The template particle or core is prepared using typically an organic monomer which is polymerized to generate template particles, or dispersed in water to generate template particles of the appropriate size. Some monomes for the template include styrene, methyl methacrylate, polyacrylic acid, a-methylstyrene, lactic acid, formaldehyde, or copolymers like Surlyn® (copolymer of ethylene and methacrylic acid) more typically styrene, methyl methacrylate, α-methylstyrene, Surlyn®, and still more typically methyl methacrylate, styrene, or polyacrylic acid. Similarly, a group of two monomers can be chosen for a copolymerization, such as a variety of diacids and dialcohols for polyester polymers (like polyethylene terephthalate, PET), diacids and diamides for various polyamides (like Nylon 6,6, or other Nylons), etc. Typically, the particle size of the template is tunable, and the particle size distribution of the template particles achieved is narrow, which is advantageous. For example, preparation of the template particle or core by emulsion polymerization is achieved by emulsification of the water-insoluble monomer or a mixture of in water, and polymerized using radical polymerization conditions. Radical initiators such as potassium- or ammonium persulfate, and 2,2-azobis(2- methylpropionamidine) hydrochloride (AIBA) can be used. Surfactant can also typically be used. Some examples of suitable surfactants include sodium dodecylsulfate (SDS), cetyltrimethylammonium bromide (CTAB), poly-(vinylpyrrolidinone) PVP, etc. In some cases, silyl group-containing monomers, such as 3-(trimethoxysilyl)propylmethacrylate can be used, in order to facilitate the silica deposition in the subsequent step. In order to perform the polymerization, the reaction temperature is kept between about 25 and about 100°C, more typically about 45 to about 90°C, still more typically about 55°C to about 75°C.

Alternately, the template particle or core may be inorganic, for example calcium carbonate, or other inorganic particles onto which silica can be deposited.

The template particle or core is then coated with a shell material to generate a core/shell particle. To generate a silica treatment or shell, at least one water-based silica precursor is used. Some examples of water- based silica precursors include sodium silicate, potassium silicate, ammonium silicate or pre-formed silicic acid, more typically sodium silicate or potassium silicate. When using organic siloxanes, the reaction is typically done in a dilute ethanol/water ammonia solution, with or without sonication. Typically, the suspension of template particles in a dilute ethanol/water ammonia solution is treated with a water-based silica precursor, such as sodium- or potassium silicate, the template particles are suspended in water, and the silicate agent is added either drop-wise, over a period of time, or all at once. The pH is maintained at about 2 to about 10, more typically about 5 to about 9 to form a silica layer on the recyclable template particle and the reaction times are held between about 1 to about 24 hours, more typically about 1 .5 to about 18 hours, still more typically about 2 to about 12 hours.
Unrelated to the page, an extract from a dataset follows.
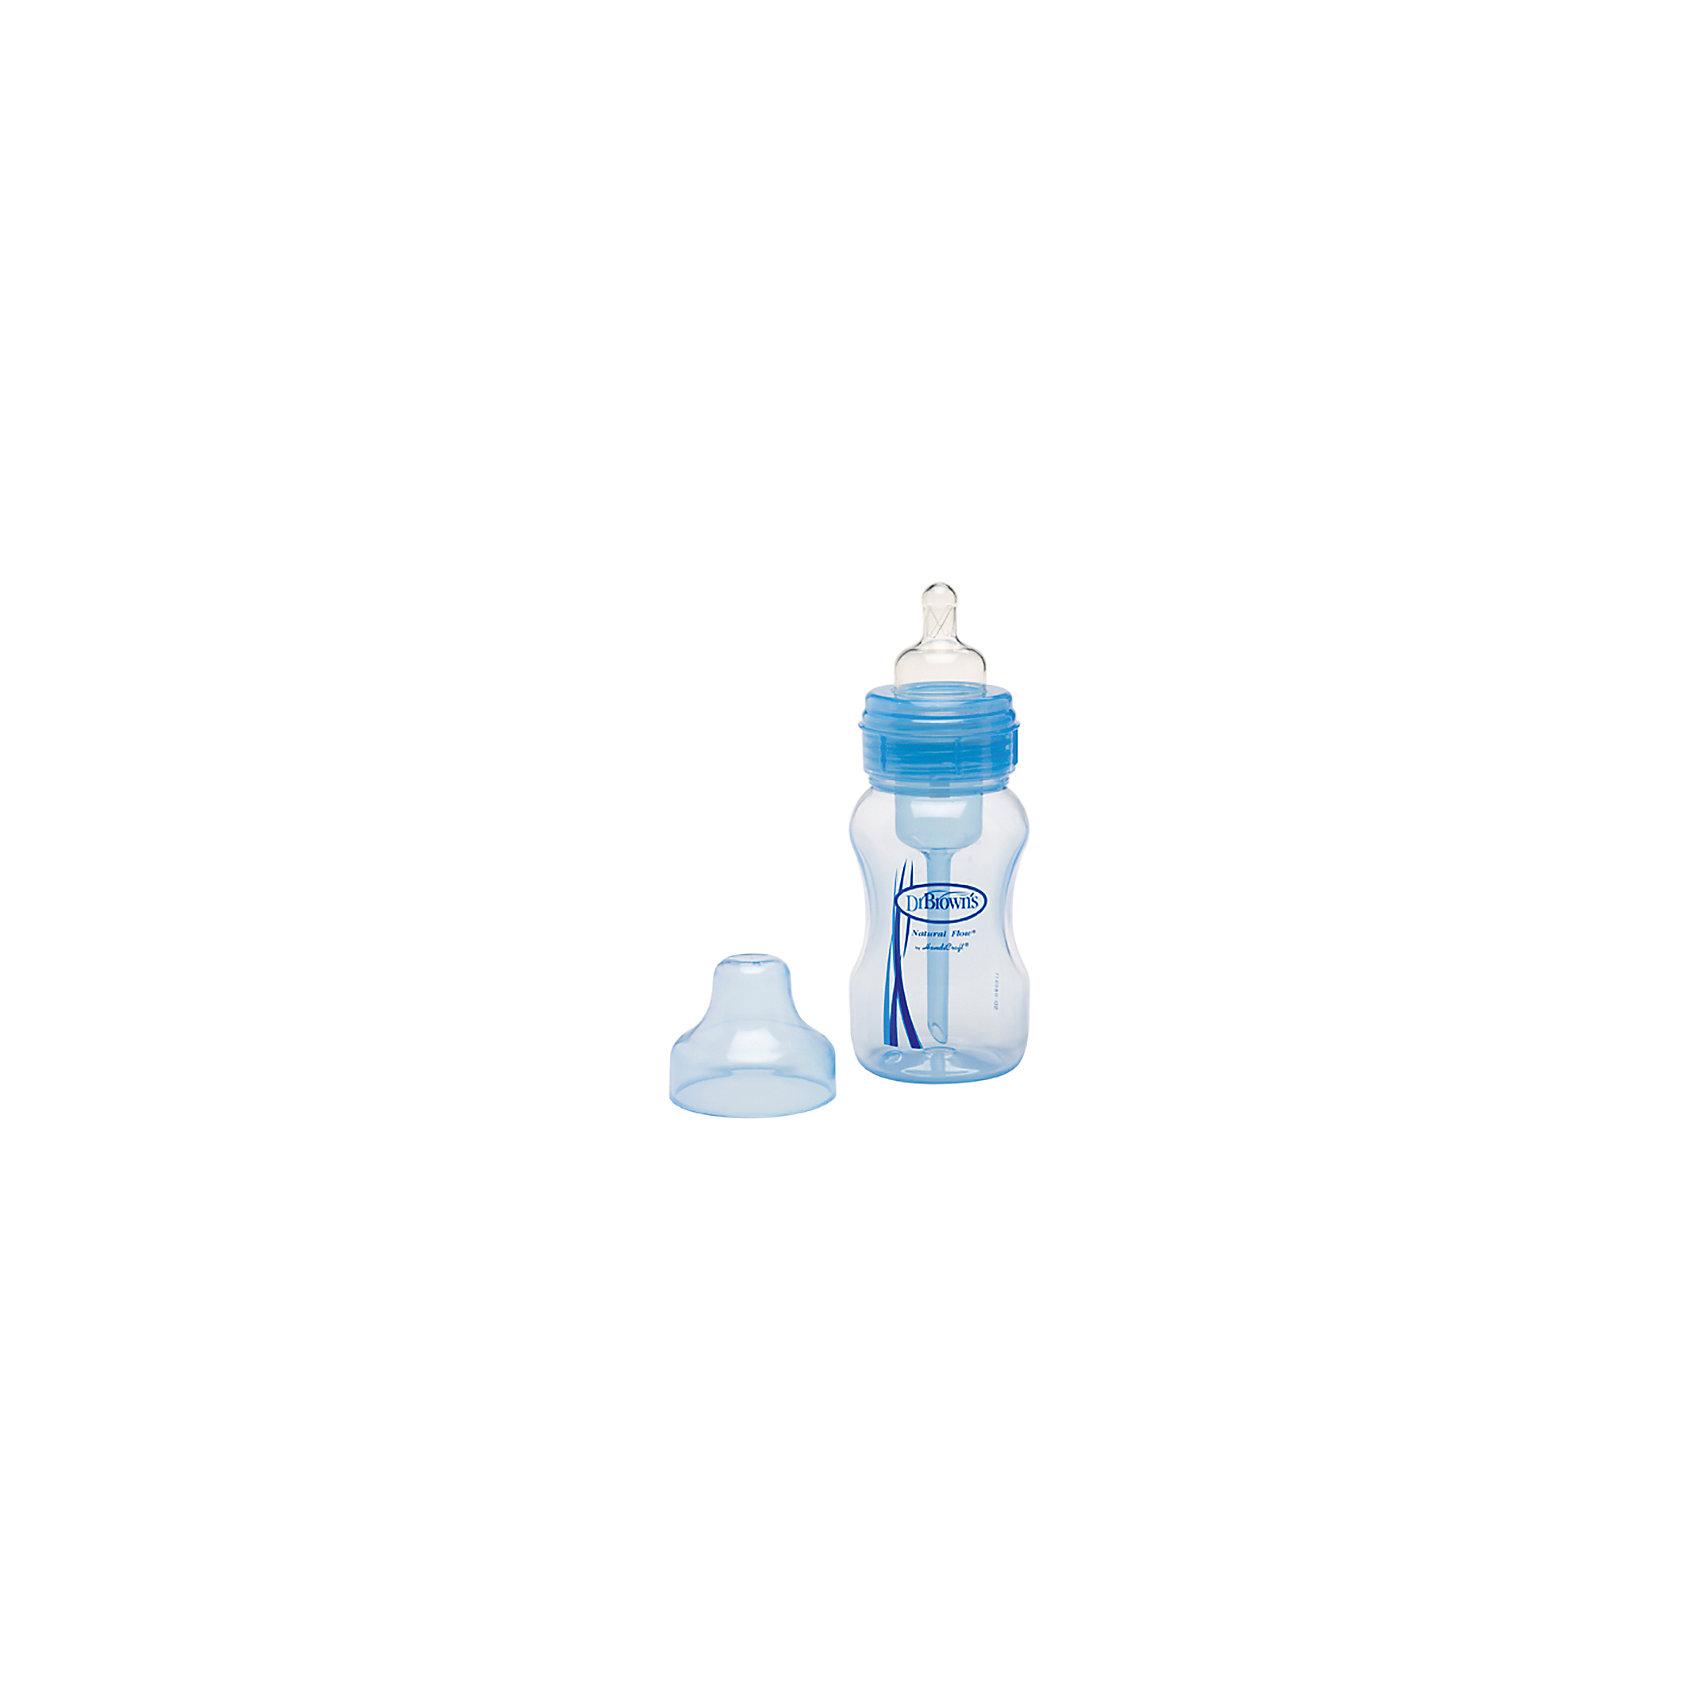 Dr.Brown's Бутылочка с широким горлышком 240 мл, полипропилен, Dr. Brown, синий
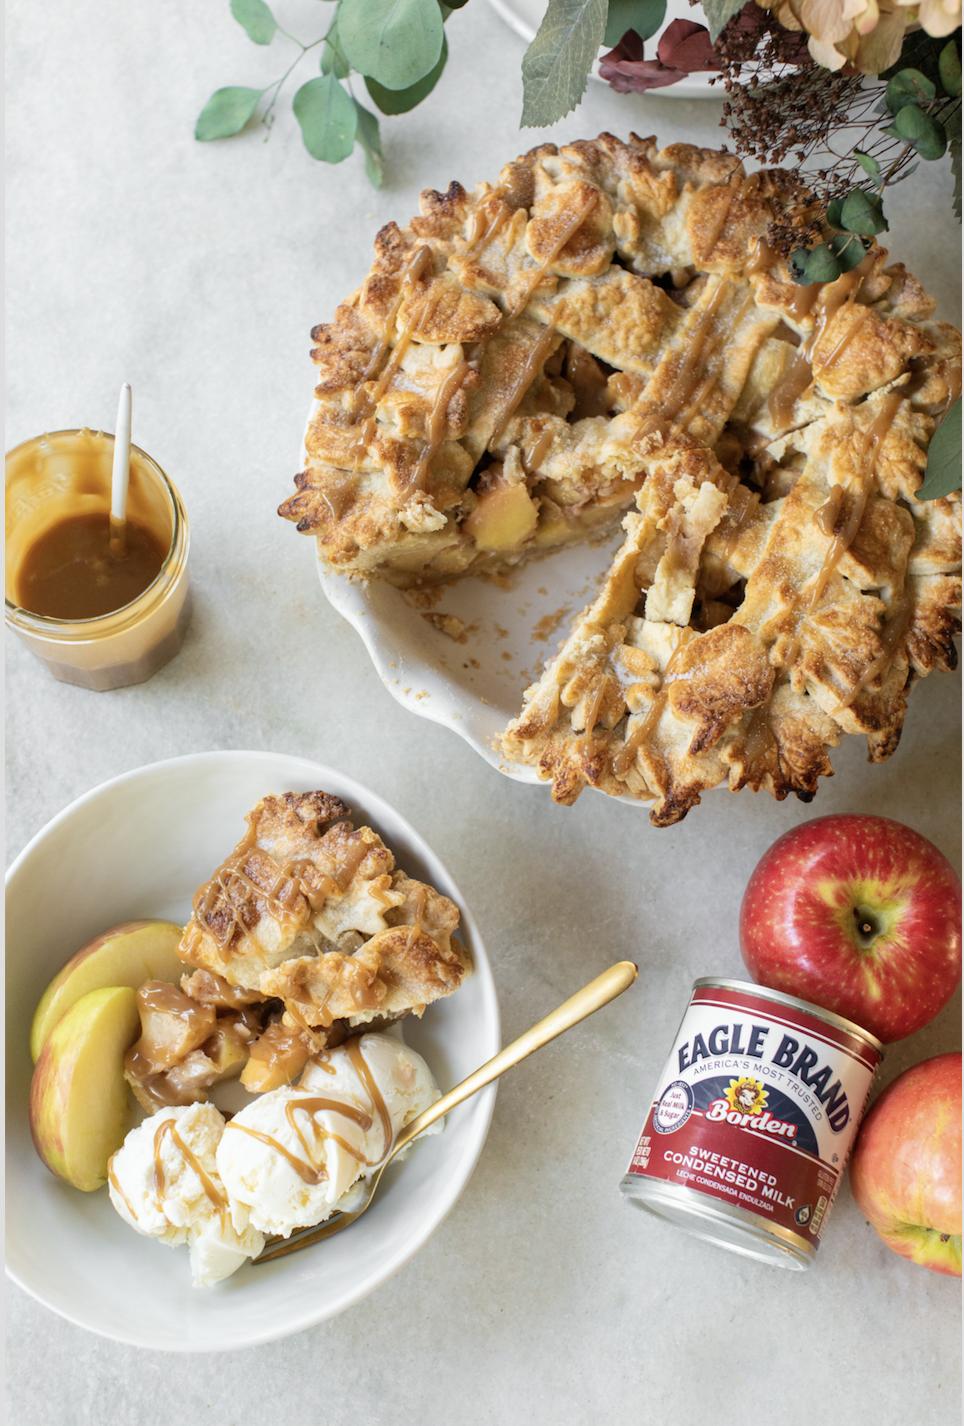 Caramel Apple Pie Recipe In 2020 Food Recipes Breakfast Dessert Apple Recipes

This results in the deposition of a silica treatment or shell on the recyclable template particle or core.

The core/shell particles are separated or removed from the aqueous solution by centrifugation or filtration, more typically by

centrifugation. Typically, in order to form impervious silica shells, surface area and porosity of the silica walls have to be tuned. Whether the silica shell is adequate can be determined by comparing the surface area of the particles with calculated surface area of a smooth sphere of the same diameter. Typically, we consider the shell impervious if its surface doesn't surpass about 130% of the calculated surface area of a smooth sphere of the same dimensions, i.e., it is about 30% or less higher than the surface of the core/shell silica particle prior to functionalization, more typically about 125% of the smooth sphere surface area, and still more typically about 120% of the smooth sphere surface area of the same dimensions. Addition of various amounts of the silica precursor will lead to more or less porous silica layers, which can lead to control of the porosity and surface area of the particles. Further, the silica precursor may be added in stages to modulate the porosity of the particles as well as their surface. Lastly, calcination at temperatures higher than about 500°C can decrease the porosity and surface area of the particles without increasing the thickness of the wall.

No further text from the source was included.